*Prompt:*
What you give back from the listing below should be an exact copy of the lines from the one with "Oakley - ref: 74065" down to the one with "Shop Nike A", and it should contain no pictures.

*Records:*
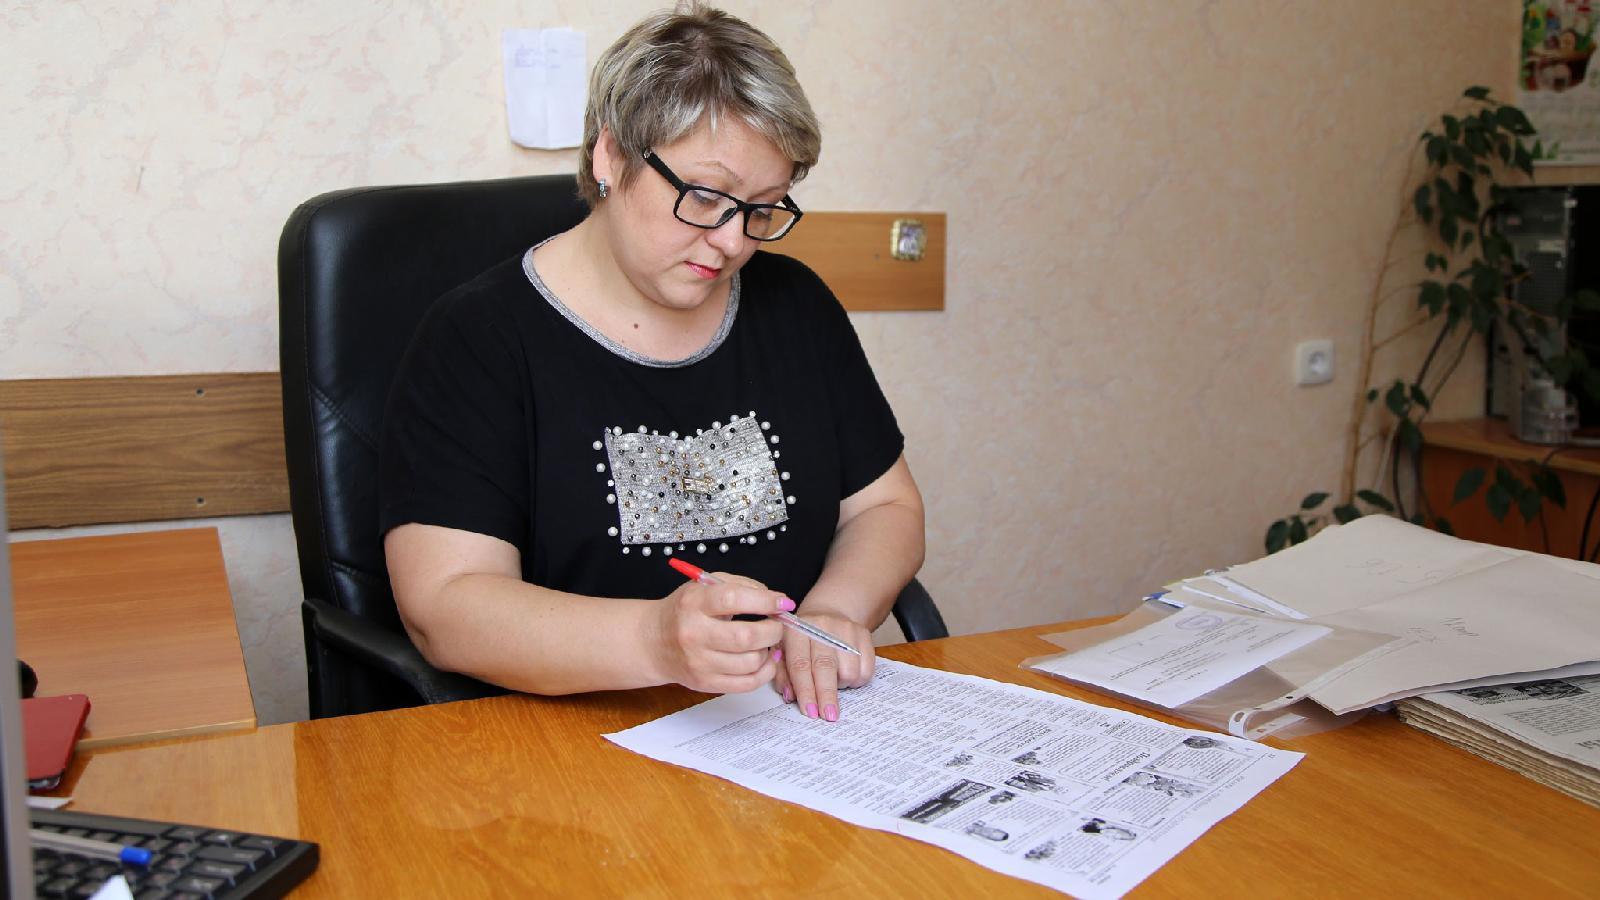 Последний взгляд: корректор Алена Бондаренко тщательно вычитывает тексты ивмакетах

---

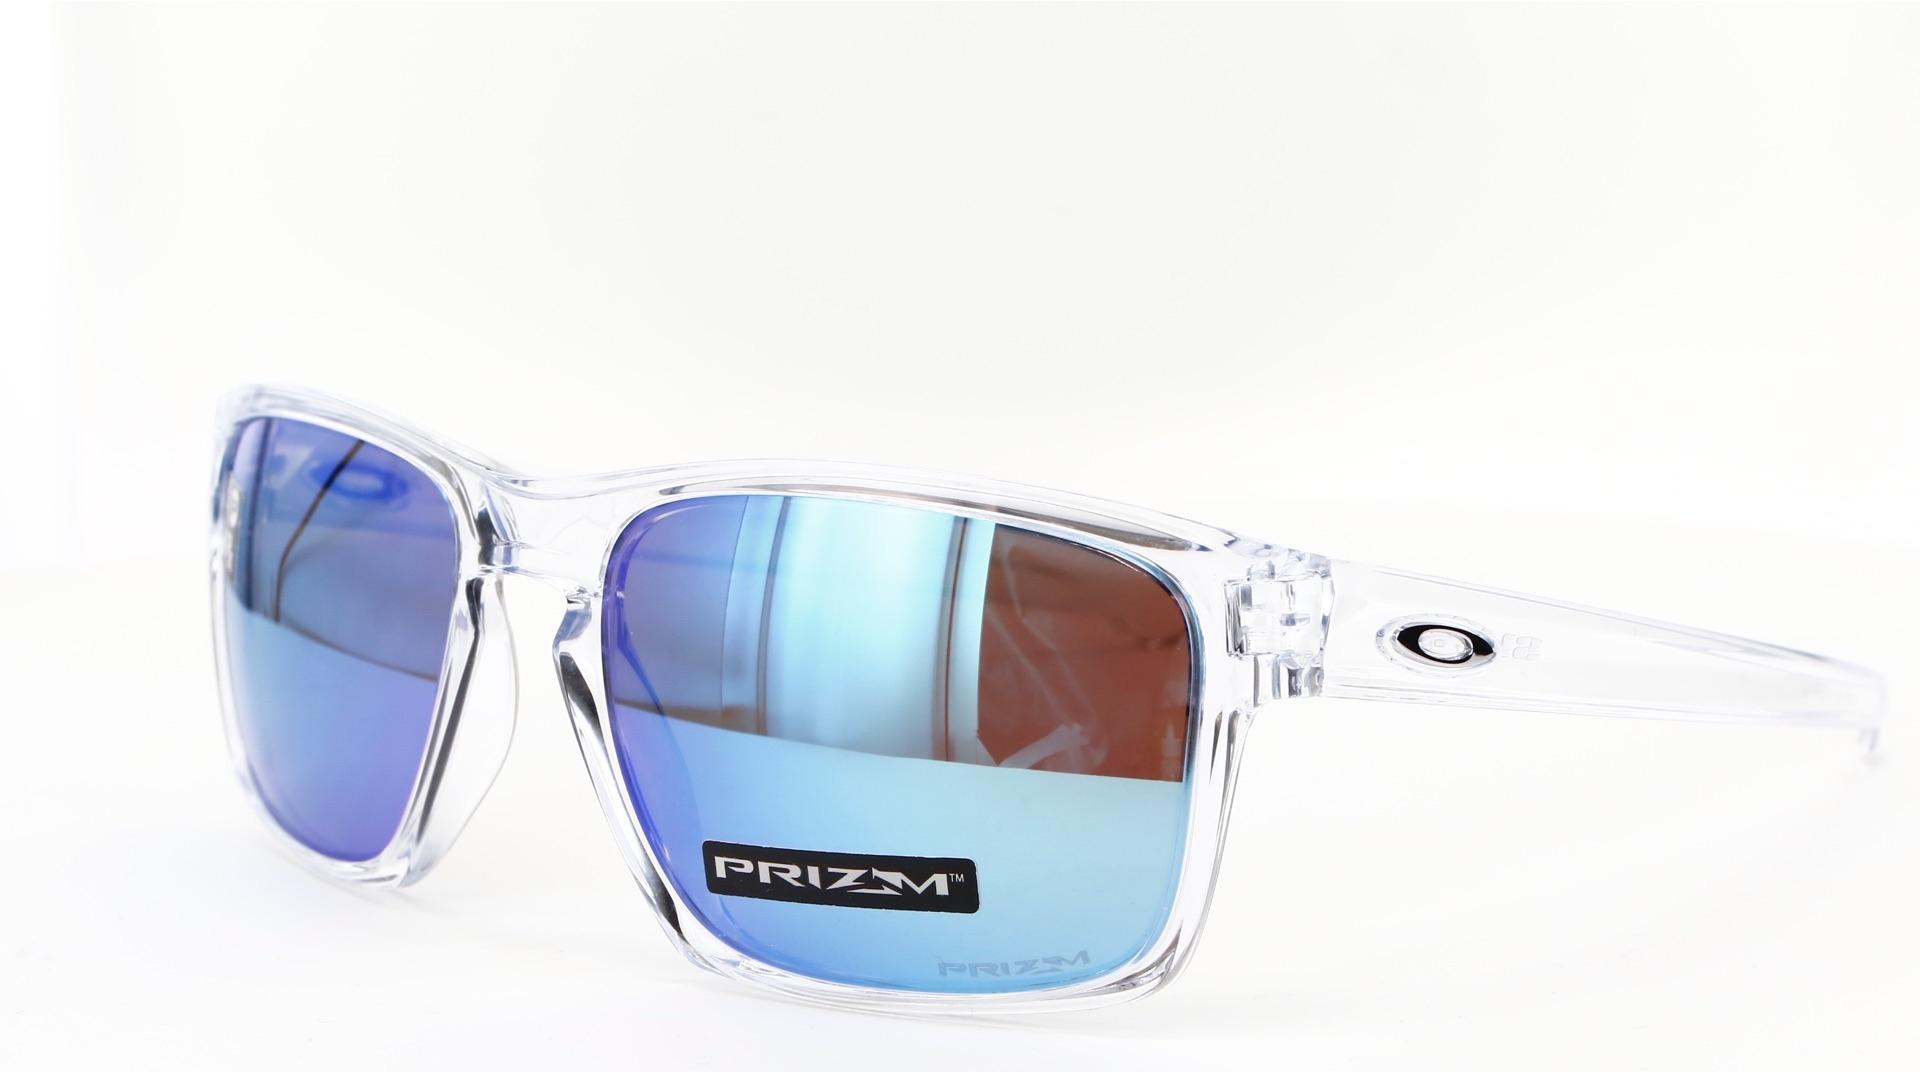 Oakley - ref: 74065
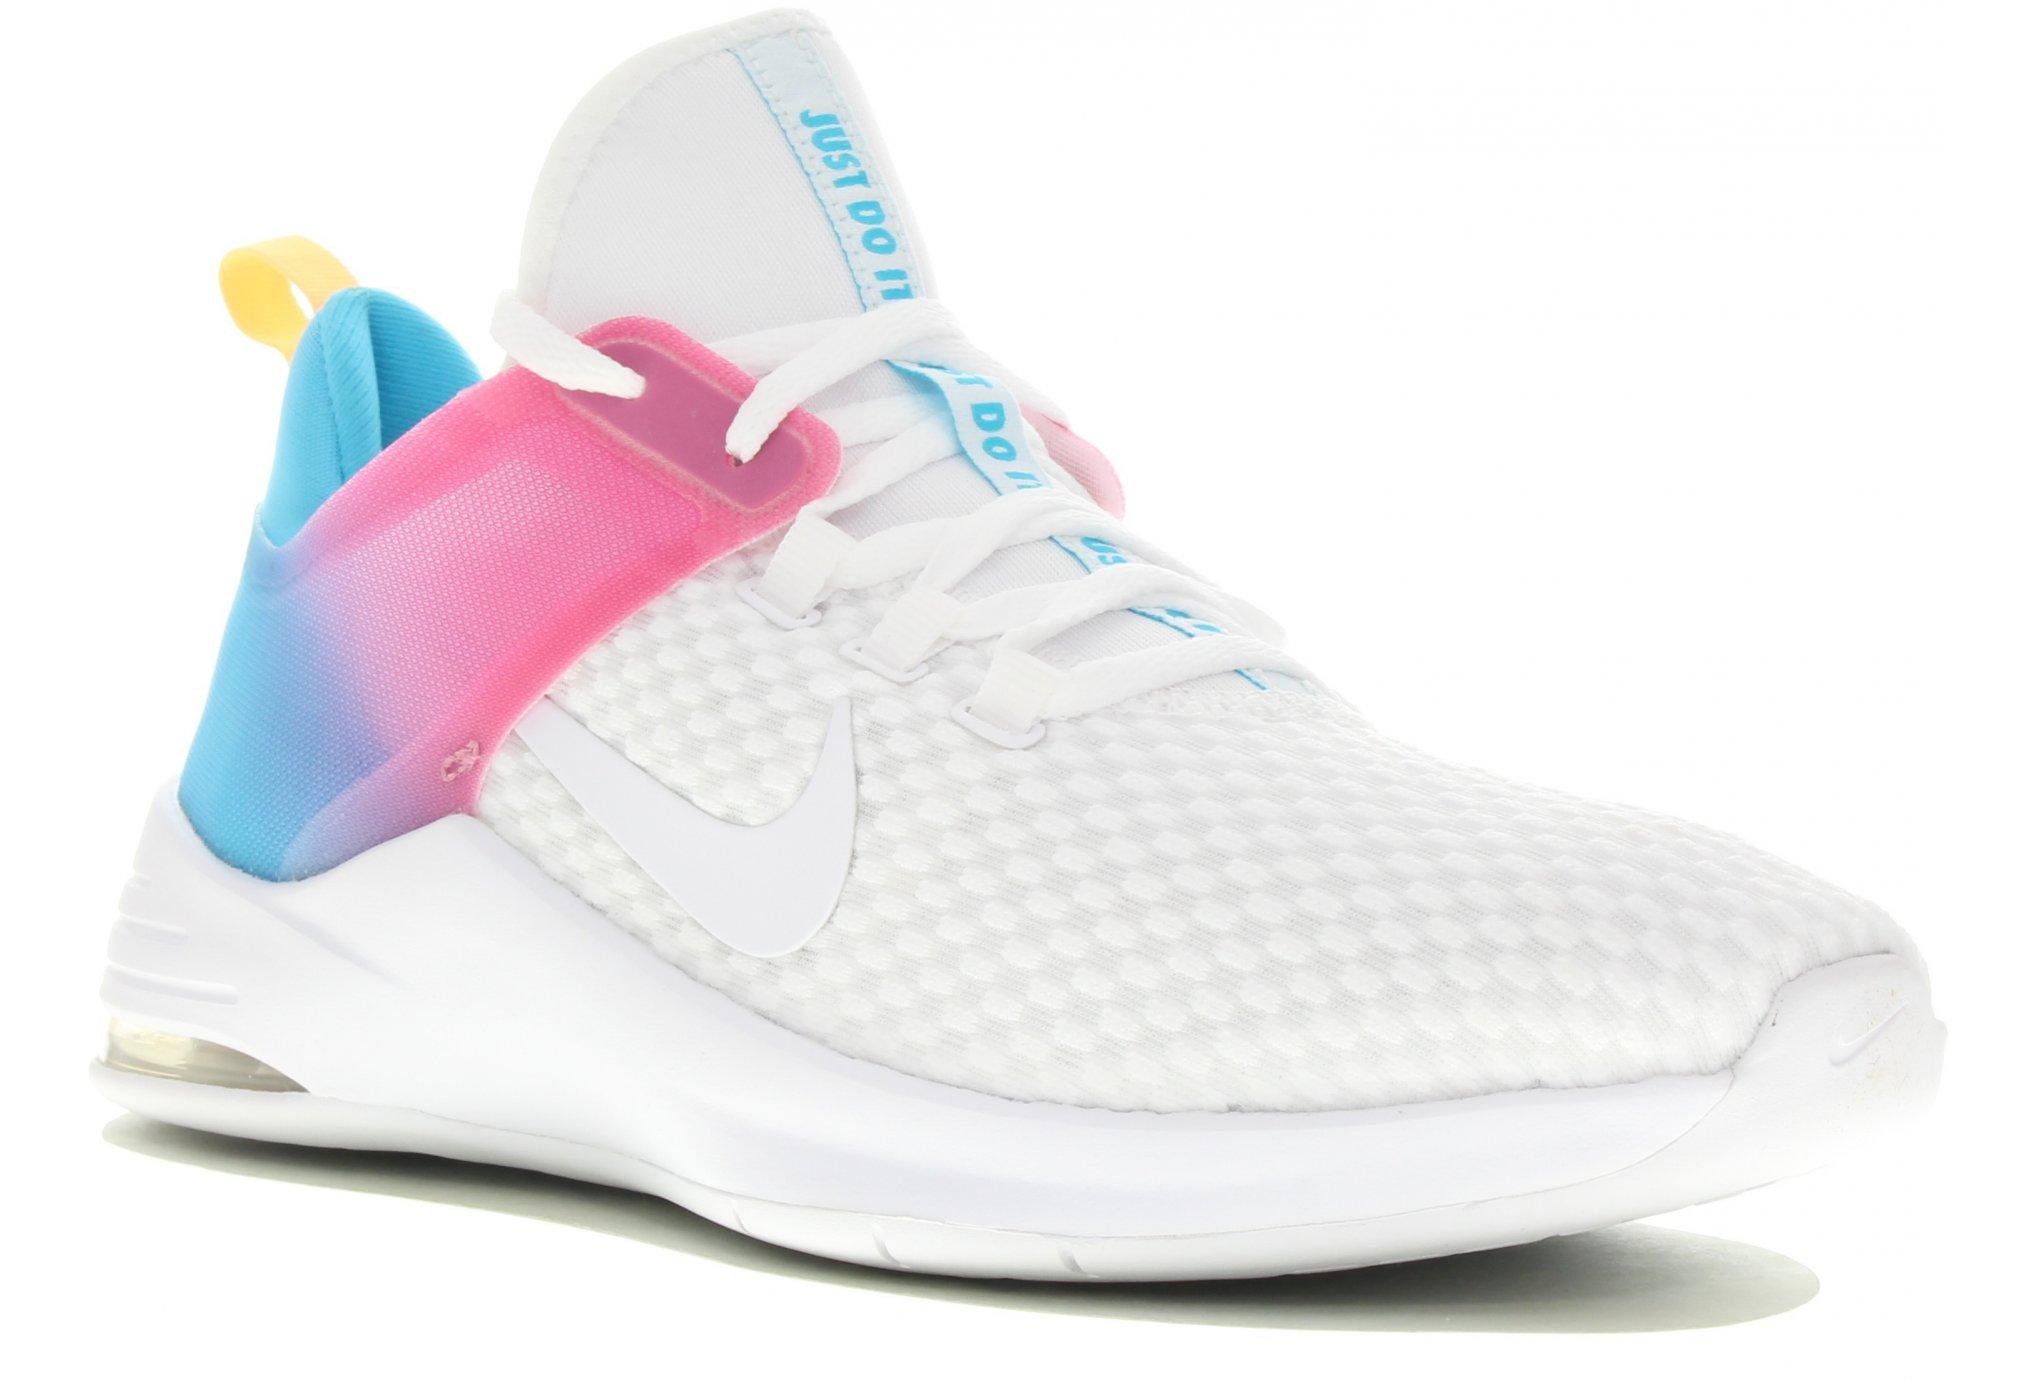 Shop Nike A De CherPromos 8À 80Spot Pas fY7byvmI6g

*Expected output:*
 Oakley - ref: 74065
 Shop Nike A De CherPromos 8À 80Spot Pas fY7byvmI6g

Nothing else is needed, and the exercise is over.